# Pup hates taped ears.. help?



## heronponie (Sep 27, 2011)

My pup is 6mos now, one ear firmly up, the other is down. Took him to the breeder who showed me how to tape his ears. But... he was absolutely miserable. Constantly shaking his head, pawing, irritated, uncomfortable. When I would make him stop pawing, he would just lay there panting uncontrollably. On the 2nd day I took them out- I'd rather have a flop eared dog than watch him be miserable like that. 


Just wondering if anyone has ideas for a real dog-friendly way to help ears stand? I don't mind giving it another shot, but I do draw the line at a real miserable pup.

I tried breathe rights but I couldn't get the ear to stand with them.. tried a few different configurations (shape like an X, or an H, etc). Wondering about ear forms?

My cutie:


----------



## KZoppa (Aug 14, 2010)

all i can say is let him be unique! the ear will come up or it wont. You've tried everything that I'm aware of (be warned though, my ear taping knowledge is limited to the breath right strips and foam taping). I cant really think of anything that would help that wouldnt make him uncomfortable. Have you talked to your vet about it maybe?


----------



## Lucy Dog (Aug 10, 2008)

Exactly how did you tape them? What materials? How did you space the two ears?


----------



## GSDAlphaMom (Jul 20, 2010)

You can order ear forms here: www.caniscallidus.com. You will need a surgical glue to apply (do not use regular glue or super glue!). There is latex in the surgical glue, fyi for anyone with latex allergies.

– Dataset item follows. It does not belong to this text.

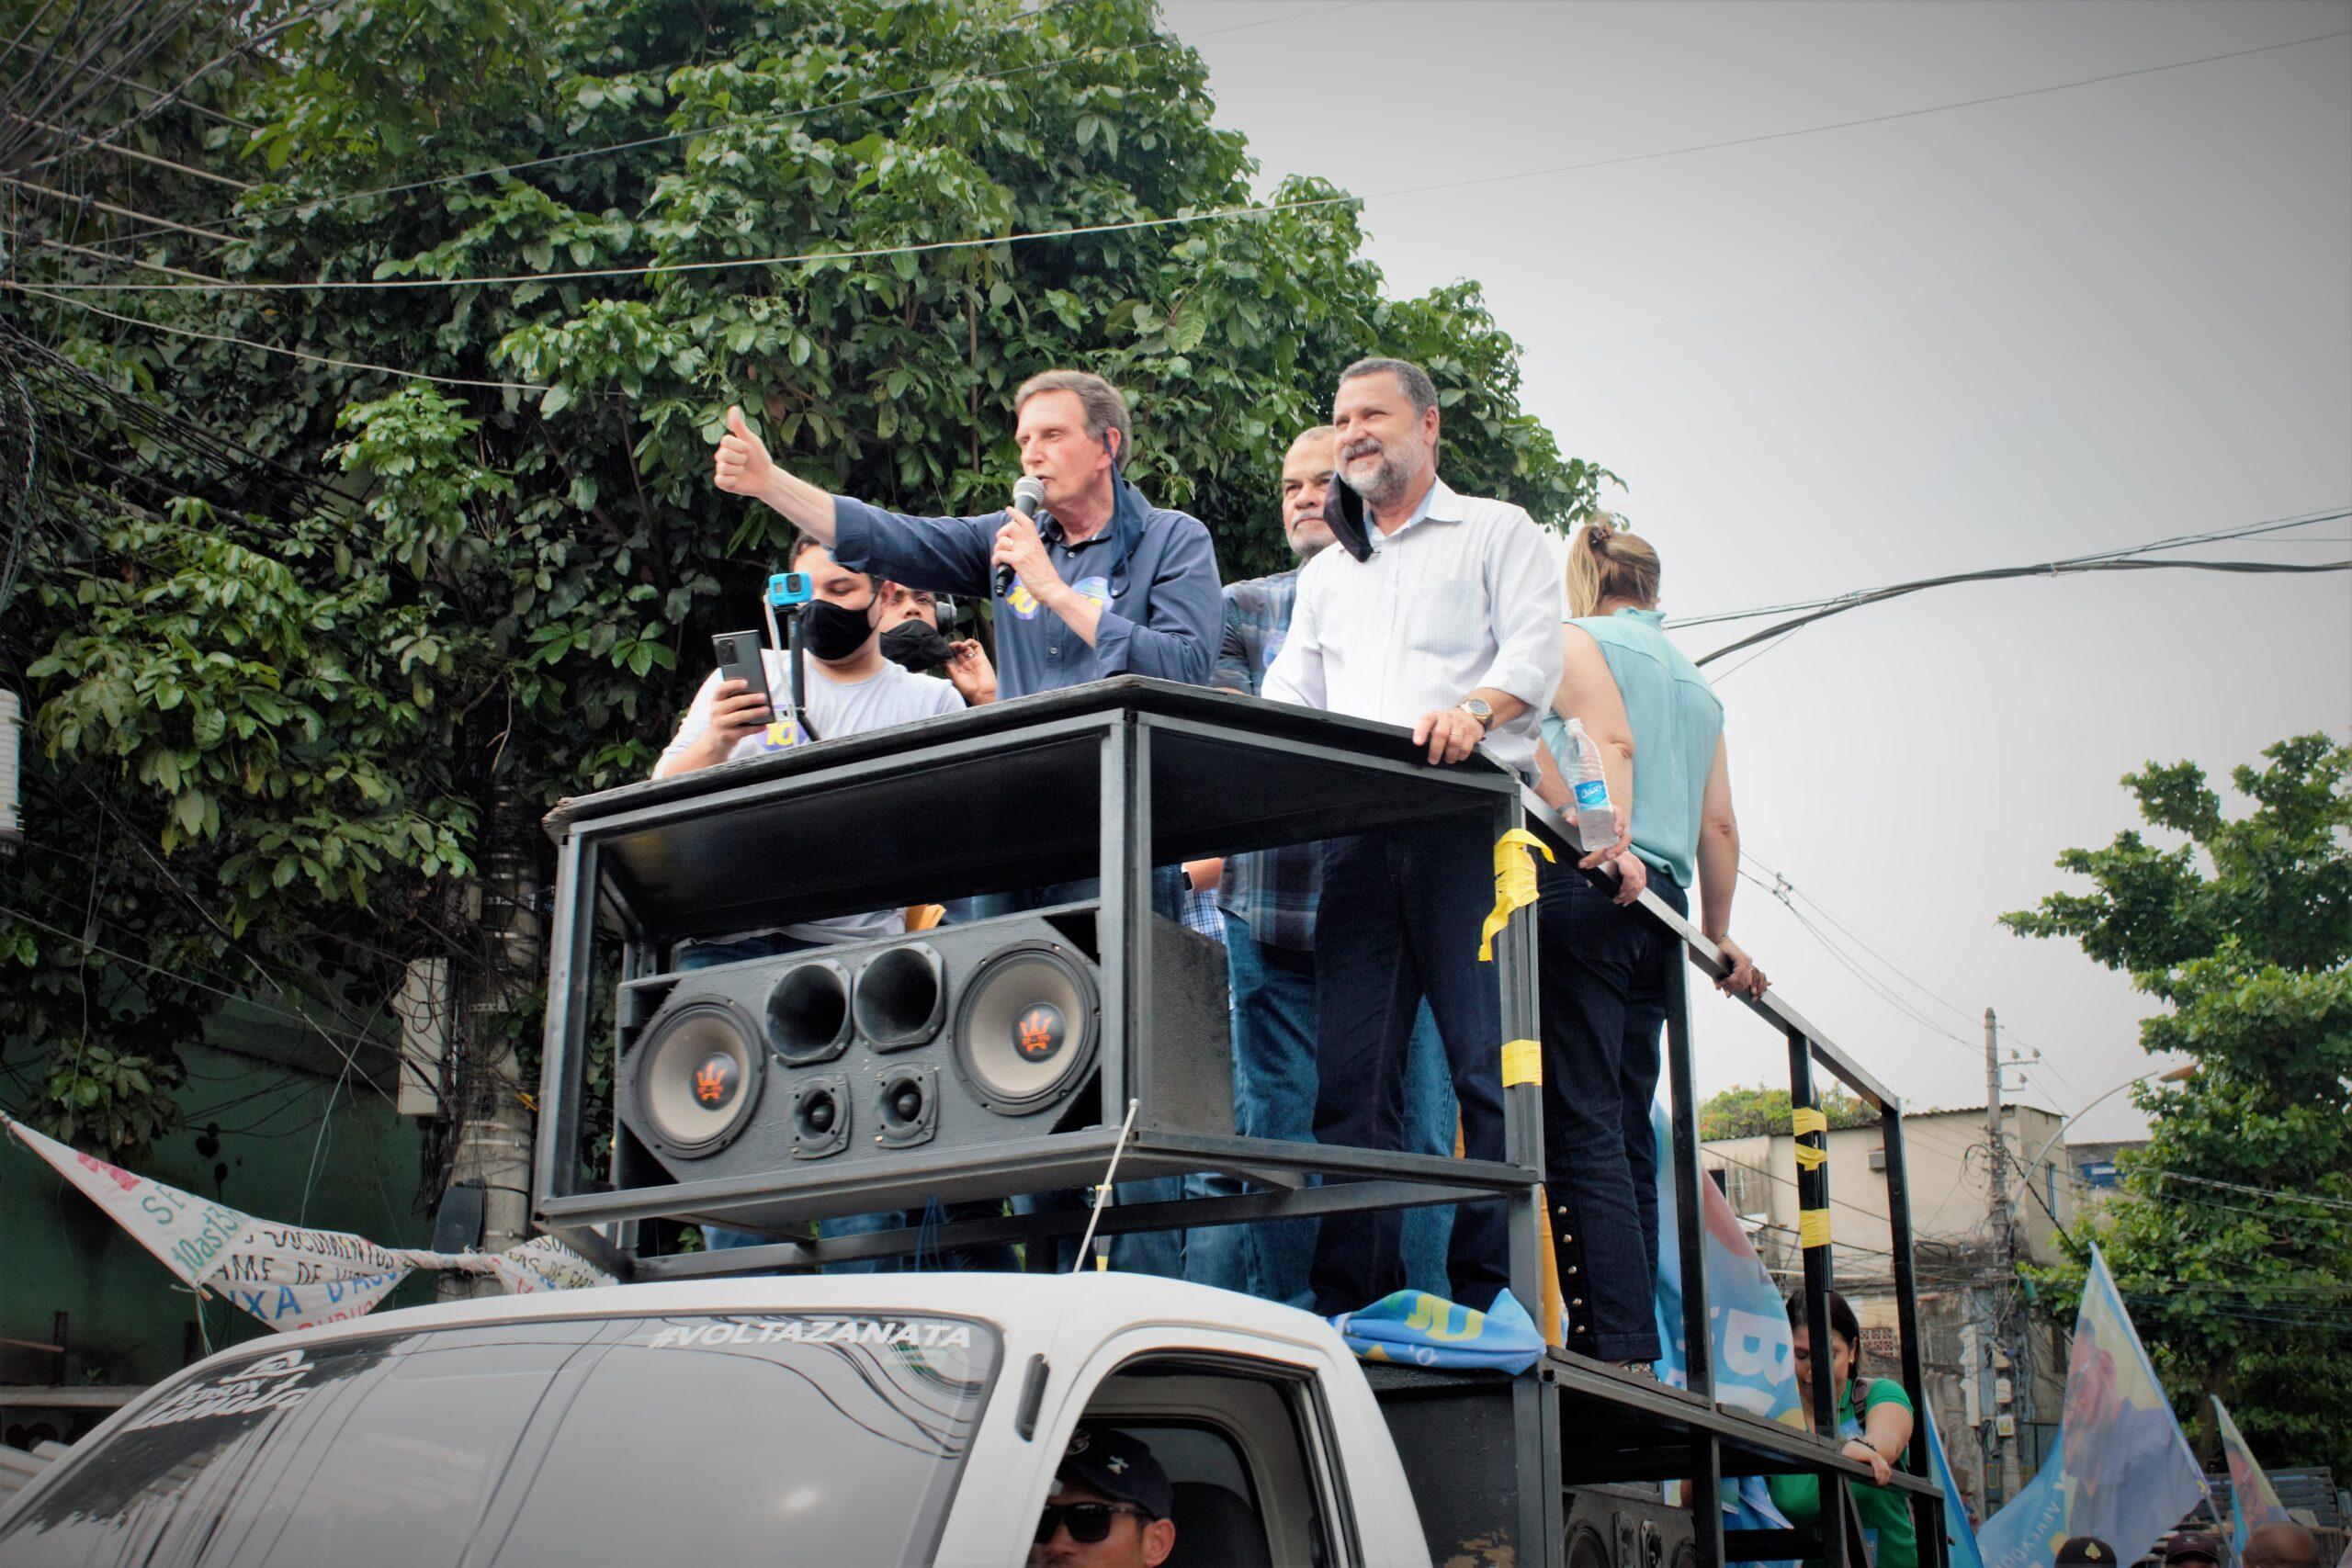 Marcelo Crivella (Republicanos) faz carreata pelo Complexo do Alemão

Read through this thread: http://www.google.com/url?q=http://...ds-cse&usg=AFQjCNFYUiXZ5VlBQlfD7Ml0uTw07SEQuA

Or do a search (on this forum) on ear forms.


----------



## heronponie (Sep 27, 2011)

Thanks. I may just leave them as is. It doesn't really bother me much. I promised myself I'd at least _try_ if they hadn't stood by 6mos because the window of opportunity is so small.


I was hoping for some personal experience with other options.. just in case others have found something that didn't bug their dog.


----------



## koda00 (Apr 27, 2009)

There's a post from last summer on this. mole skin, tear mender glue. I had to do one ear w/Zorro and it worked for me. he was 6.5 mths old when i did it.


----------



## GSD246 (Jan 17, 2012)

My dog's ears would go up and down at first. There was a period for awhile when only one ear was up. Everyone found it very cute. Then slowly the ear worked it's way slowly up to meet the other. 

She was around 6 months before both of hers stood up. I didn't tape it. It worried me a little. But I figured I would allow her to decided rather or not she wanted her ears up. It was after all her ears. The vet told me nothing was wrong so that meant nothing was wrong so I stopped worrying about it.

Edit: Reading another thread made me realize that I did change something. I changed my dogs diet to much higher quality one.


----------